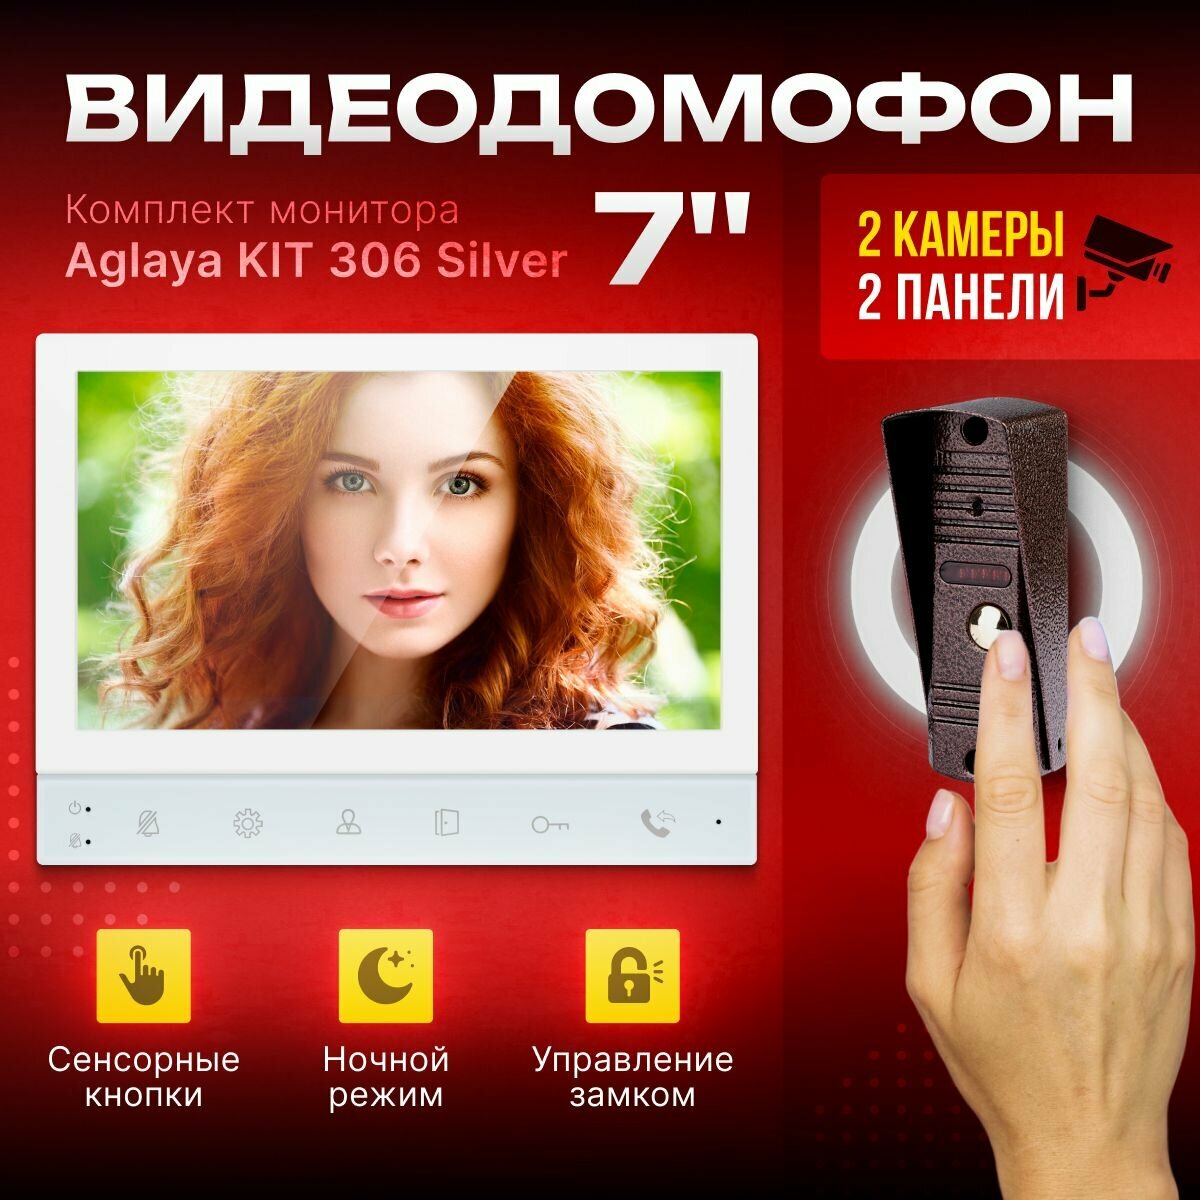 Комплект видеодомофона Aglaya-KIT (306br), белый. Экран 7". Совместим с подъездным домофоном через МС.
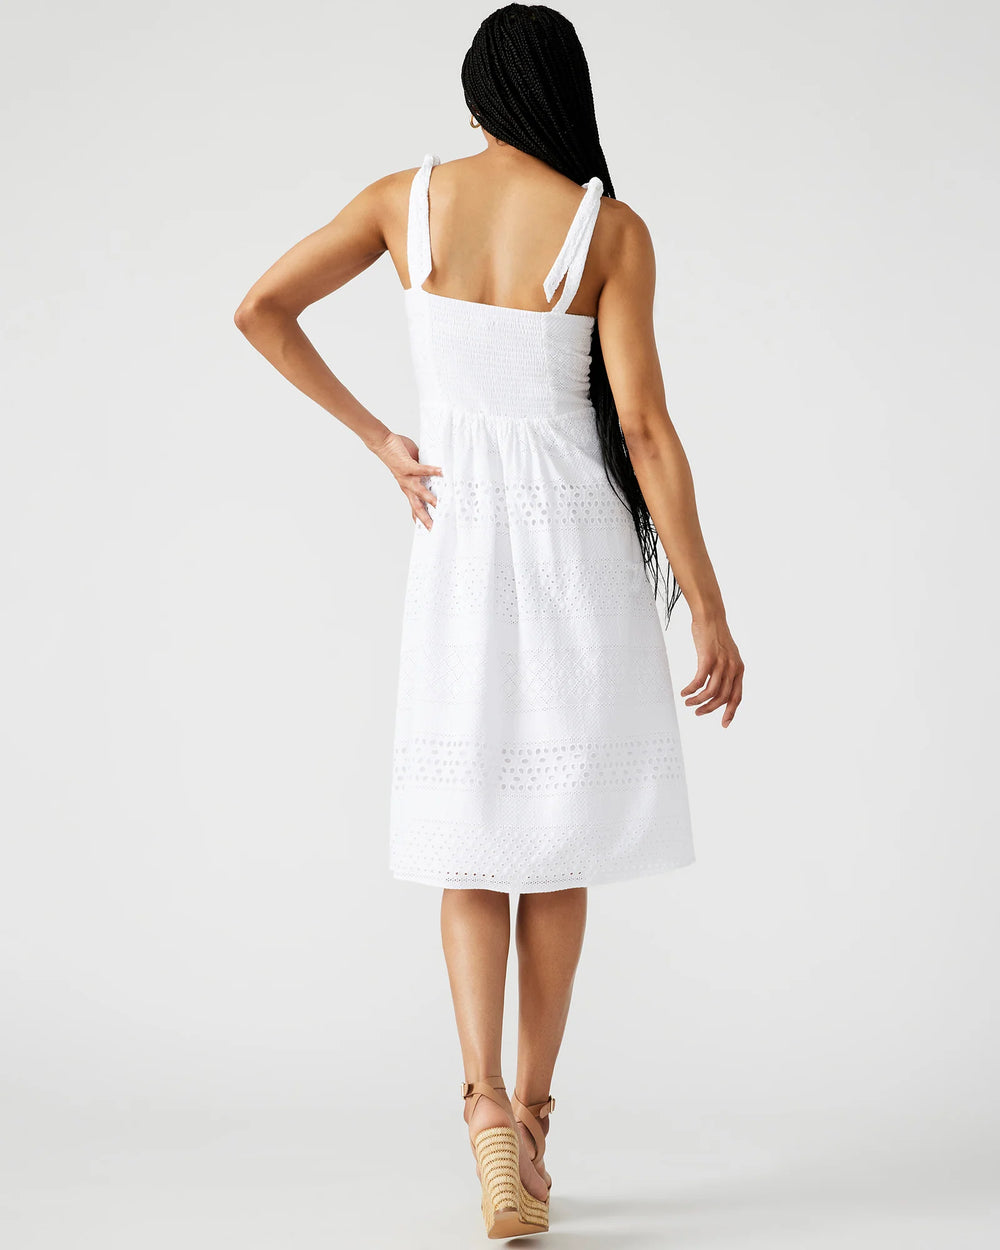 Carlynn Eyelete White Midi Dress
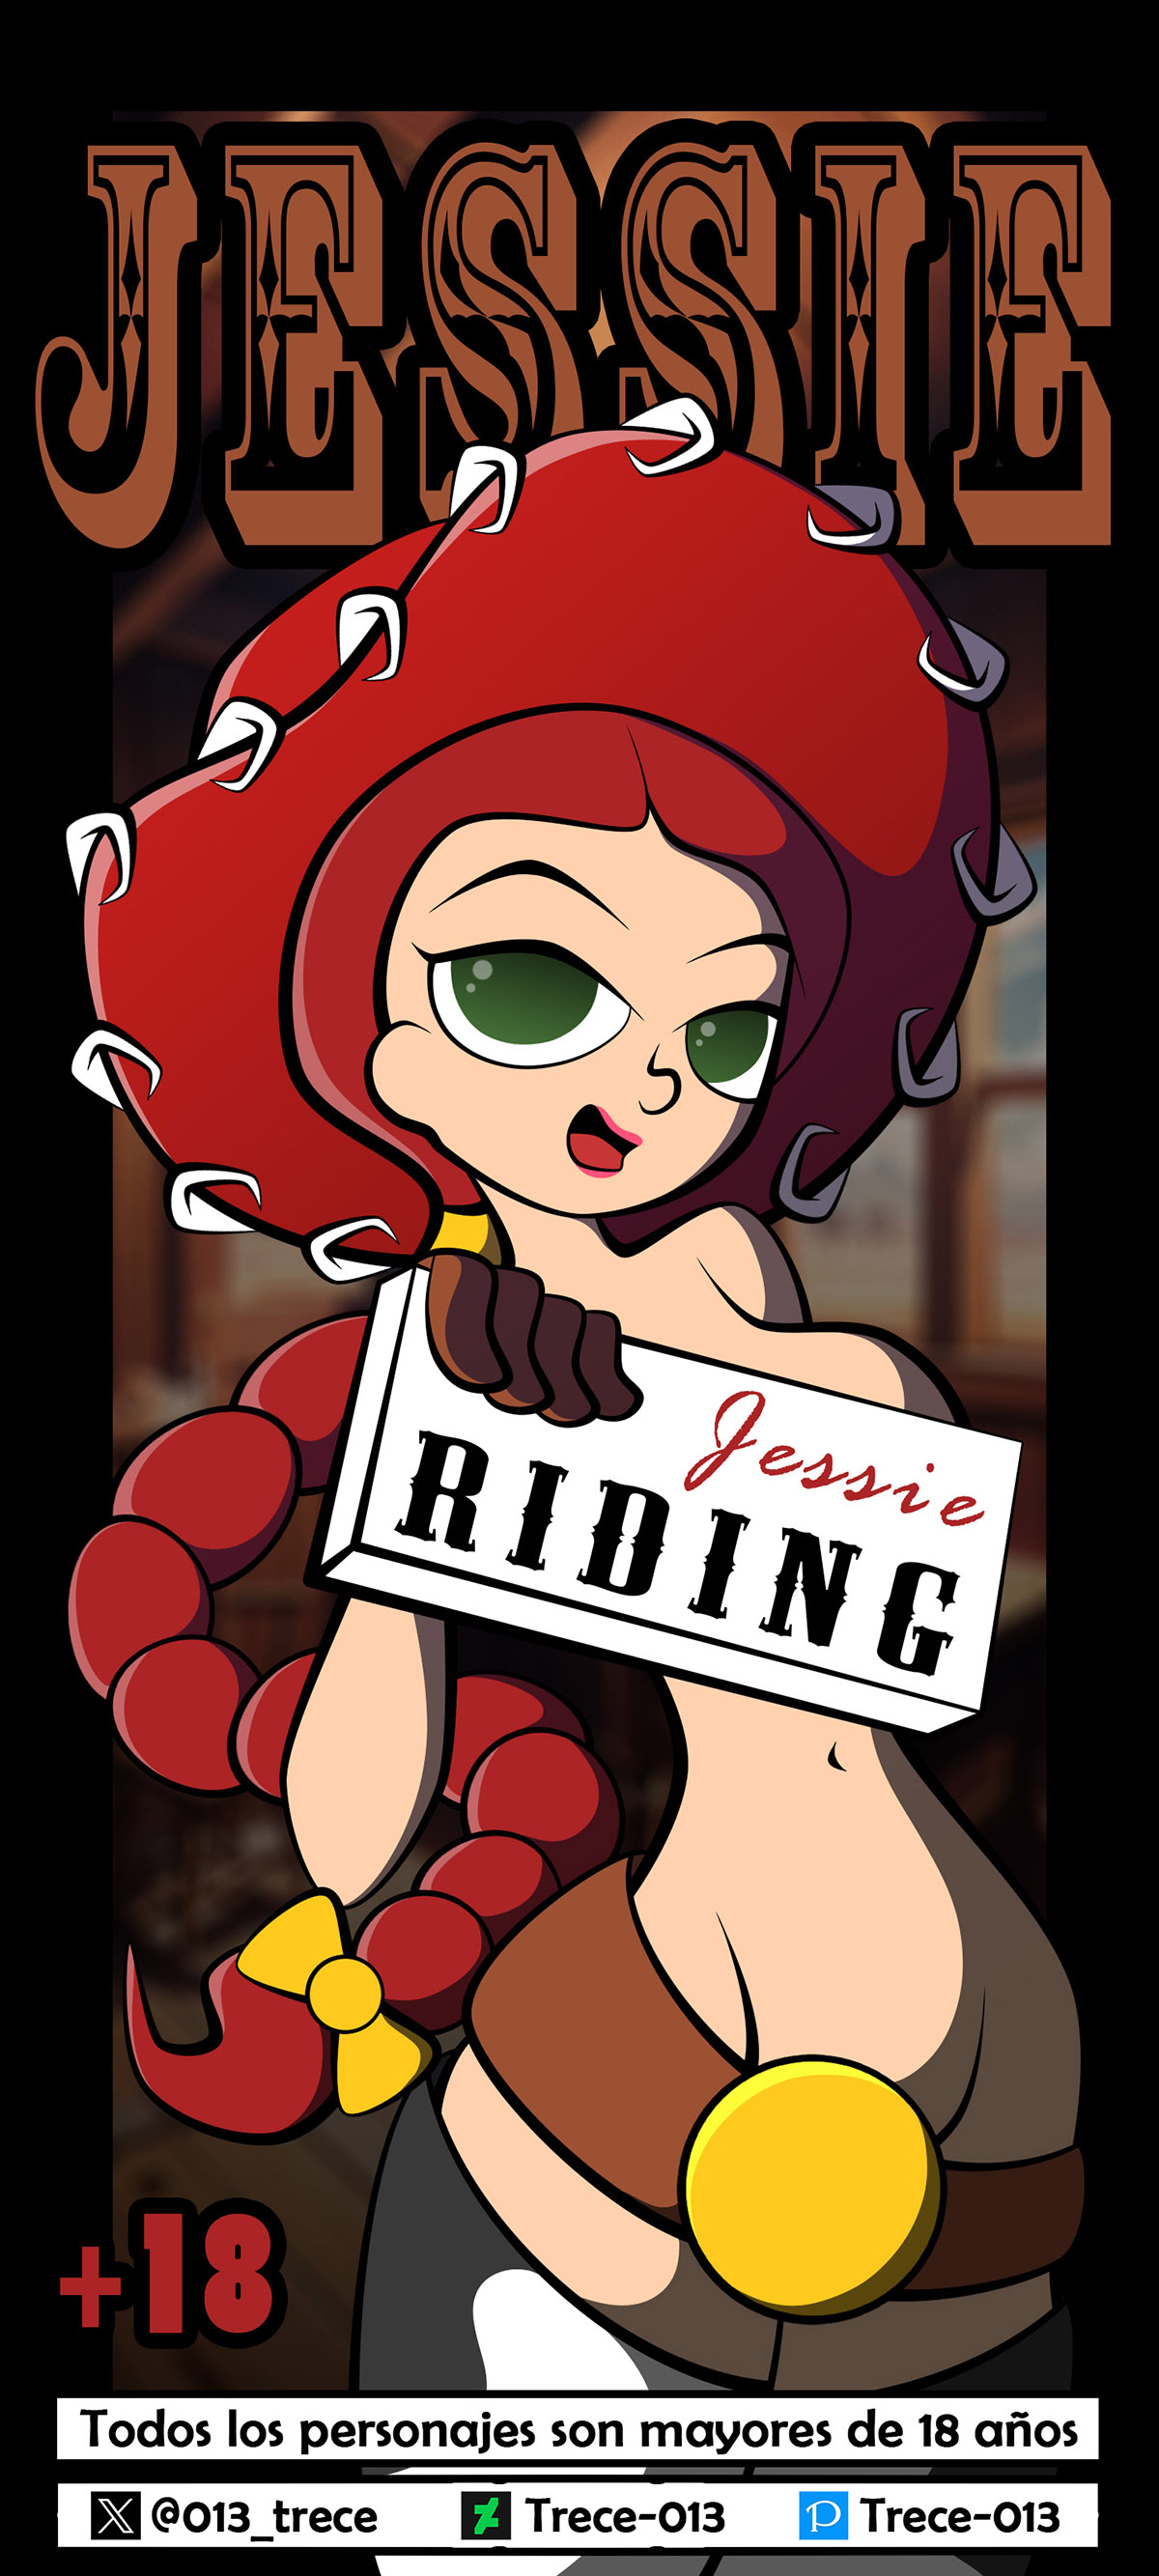 JESSIE Riding

INSTRUCTIONS FOR THE TASK:
The expected result is the complete listing above, printed exactly, with no pictures.

OUTPUT OF THE TASK:
 Комплект видеодомофона Aglaya-KIT (306br), белый. Экран 7". Совместим с подъездным домофоном через МС.
 Carlynn Eyelete White Midi Dress
 JESSIE Riding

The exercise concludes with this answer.